The section headings provided herein are for convenience only and do not interpret the scope or meaning of the embodiments of the present disclosure.

Description of an Example Computer System

FIG. 1 and the following discussion provide a brief, general description of a computer system 100 configured for editing documents, such as word processing documents, spreadsheet documents, business, financial or legal oriented software, digital audio/video software or any other type of software that may require or benefit from enhanced security features. Although not required, the embodiments will be described in the general context of computer-executable instructions, such as program application modules, objects, or macros being executed by a computer. These instructions may be described as software, when they may be implemented as software, firmware, macros, directly in hardware, or in any other manner in which can be executed. Those skilled in the relevant art will appreciate that the illustrated embodiments as well as other embodiments can be practiced with other computer system configurations, including digital audio and/or video editing hardware, handheld devices, multiprocessor systems, microprocessor-based or programmable consumer electronics, personal computers (“PCs”), network PCs, embedded systems, “set top boxes,” automated teller machines (“ATMs”) and the like. The embodiments can be practiced in distributed computing environments where tasks or modules are performed by remote processing devices, which are linked through a communications network. In a distributed computing environment, program modules may be located in both local and remote memory storage devices.

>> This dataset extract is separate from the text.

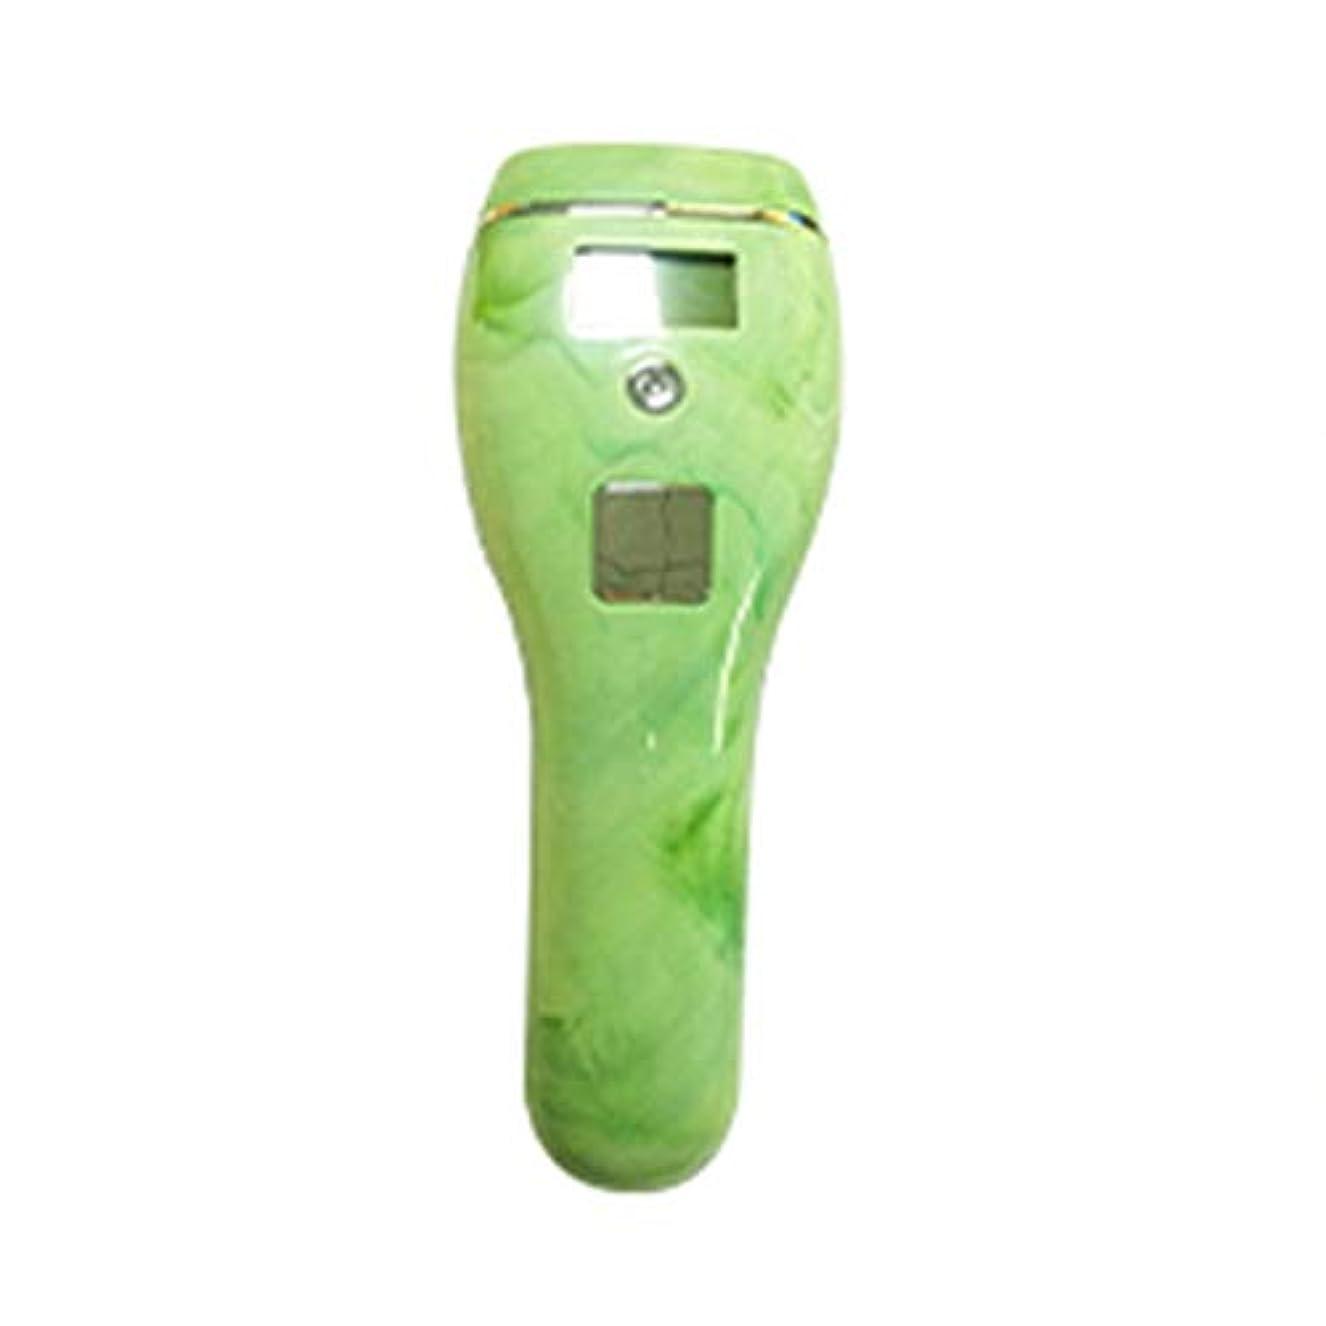 チャンバー周波数イソギンチャクIku夫 自動肌のカラーセンシング、グリーン、5速調整、クォーツチューブ、携帯用痛みのない全身凍結乾燥用除湿器、サイズ19x7x5cm (Color : Green)

FIG. 1 shows a computer system 100, which comprises a computer. The computer system 100 and this method for securing data will be described in greater detail below. The computer system 100 may take the form of a conventional PC, which includes the processor 102, the system memory 104 and a system bus 108 that couples various system components including the system memory 104 to the processing unit 102. The computer system 100 will at times be referred to in the singular herein, but this is not intended to limit the embodiments to a single computing device, since in certain embodiments, there will be more than one networked computing device involved. The processor 102 may be any logic processing unit, such as one or more central processing units (CPUs), digital signal processors (DSPs), application-specific integrated circuits (ASICs), field programmable gate arrays (FPGAs), Graphics Processing Units (GPUs) etc. Unless described otherwise, the construction and operation of the various blocks shown in FIG. 1 are of conventional design. As a result, such blocks need not be described in further detail herein, as they will be understood by those skilled in the relevant art. The system bus 108 can employ any known bus structures or architectures, including a memory bus with memory controller, a peripheral bus, and a local bus. The system memory 104 may include read-only memory (“ROM”) and random access memory (“RAM”). A basic input/output system (“BIOS”) 105, which can form part of the ROM, contains basic routines that may help transfer information between elements within the computer system 100 (e.g., during start-up).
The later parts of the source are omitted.